Ausstellungsfläche und Präsentation
Das Museum verteilt seine Exponate über mehrere Dutzend Räume, die nach Themen und Regionen geordnet sind. Zusätzlich gibt es Sonderausstellungen, die neue Funde oder spezifische Aspekte der etruskischen Kultur beleuchten. Schätzungen zufolge umfasst die gesamte Sammlung mehr als 10.000 Einzelstücke, von denen jedoch nicht alle gleichzeitig ausgestellt werden. Der Rest befindet sich in Depots oder wird für Forschungsprojekte genutzt. Besonders bedeutende Objekte, wie der Sarkophag der Eheleute und die Apollo-Statue, haben ihre eigenen, prominent platzierten Räume. Mit seiner umfassenden Sammlung zählt das Museum zu den weltweit führenden Institutionen für die Erforschung der Etrusker. Es ergänzt die Ausstellungen in anderen renommierten Institutionen, etwa im Archäologischen Nationalmuseum von Florenz und im Vulkanologischen Museum von Tarquinia, die ebenfalls bedeutende etruskische Sammlungen präsentieren. Das Nationale Etruskische Museum unterscheidet sich durch die Breite und Tiefe seiner Sammlung, die fast alle Aspekte des etruskischen Lebens und seiner künstlerischen Produktion abdeckt. Es bietet Besuchern und Forschern eine einzigartige Möglichkeit, diese antike Kultur in ihrer gesamten Komplexität zu erleben.
Bedeutung für die Kulturgeschichte
Das Nationale Etruskische Museum ist ein unverzichtbarer Ort für alle, die sich für die antike Geschichte Italiens interessieren. Es zeigt, wie die Etrusker nicht nur eine Brücke zwischen den Kulturen des Mittelmeerraums, sondern auch eine prägende Kraft für die römische Zivilisation waren.

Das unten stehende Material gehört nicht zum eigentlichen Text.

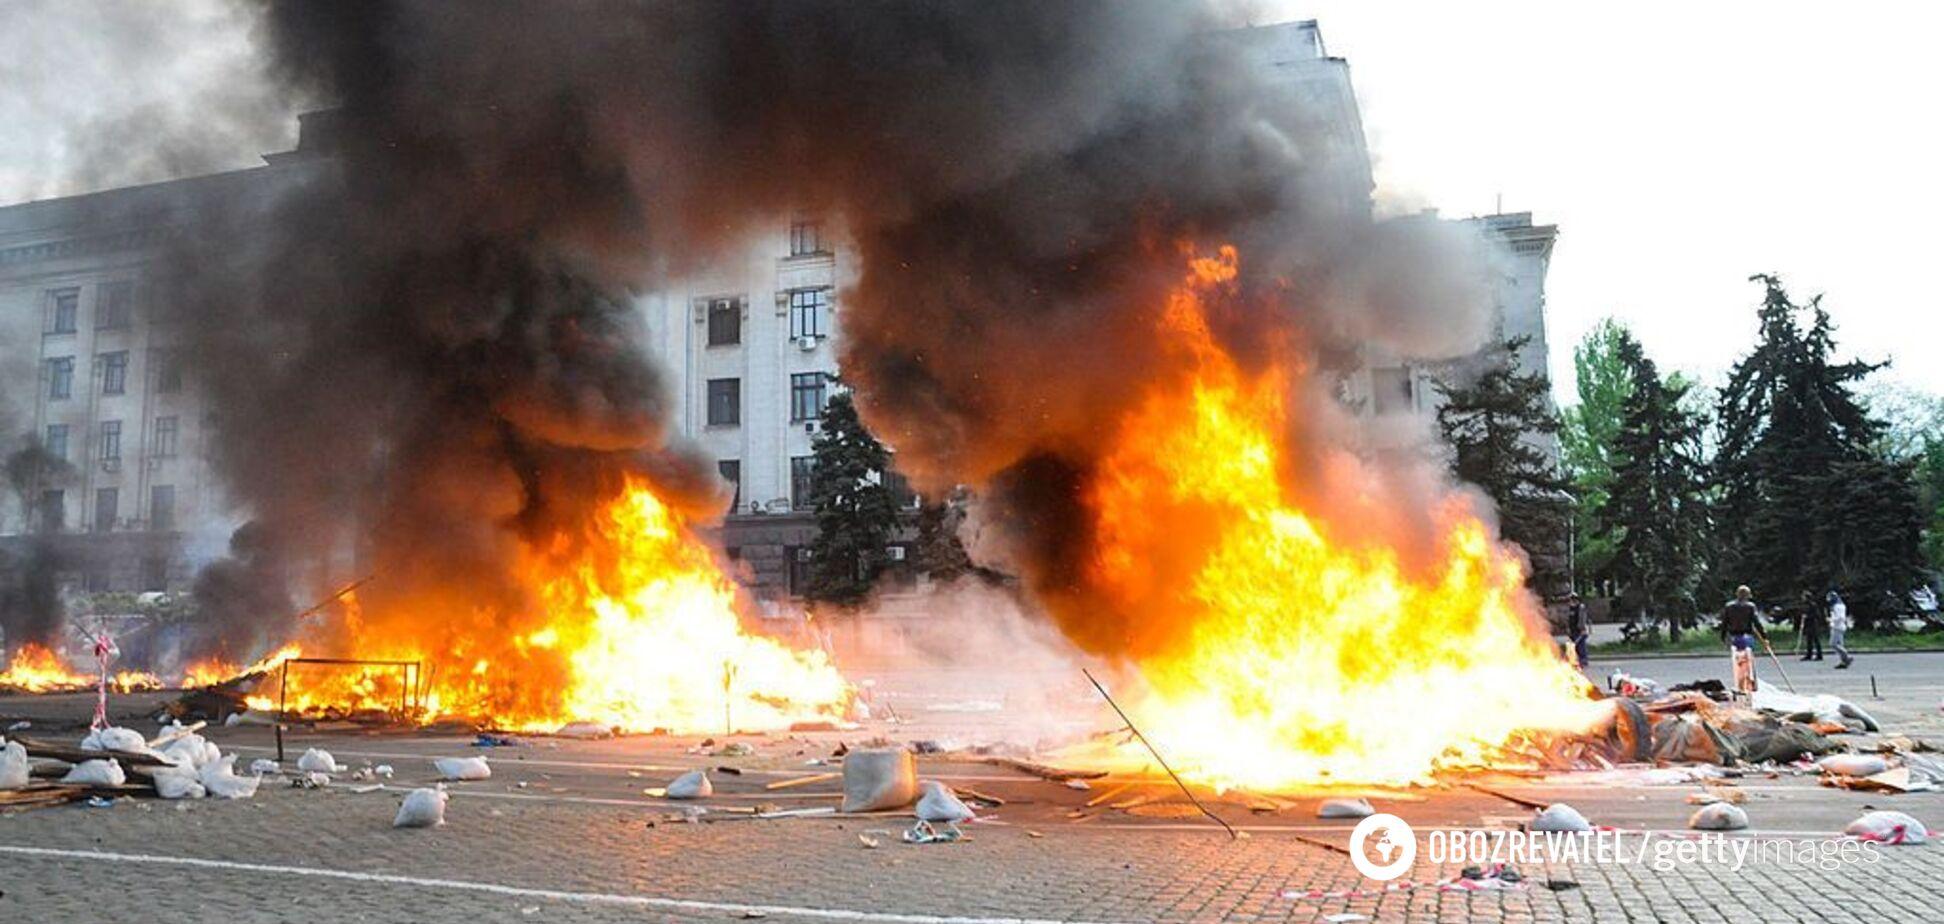 Трагедія в Одесі 2 травня: Росія цинічно відповіла на загибель людей

Die fortschrittlichen Kunstfertigkeiten, die religiösen Vorstellungen und die gesellschaftlichen Strukturen der Etrusker hatten einen nachhaltigen Einfluss, der bis heute spürbar ist.
Praktische Informationen
- Adresse: Piazza di Villa Giulia, 9, 00196 Rom, Italien
- Öffnungszeiten: In der Regel dienstags bis sonntags, von 9:00 bis 20:00 Uhr (Änderungen möglich).
- Eintritt: Tickets sind online und vor Ort erhältlich; ermäßigte Preise für Studenten und Senioren.
Ein Besuch des Nationalen Etruskischen Museums ist eine Reise in die Vergangenheit, die die kulturelle Vielfalt und die faszinierende Geschichte des antiken Italiens lebendig werden lässt.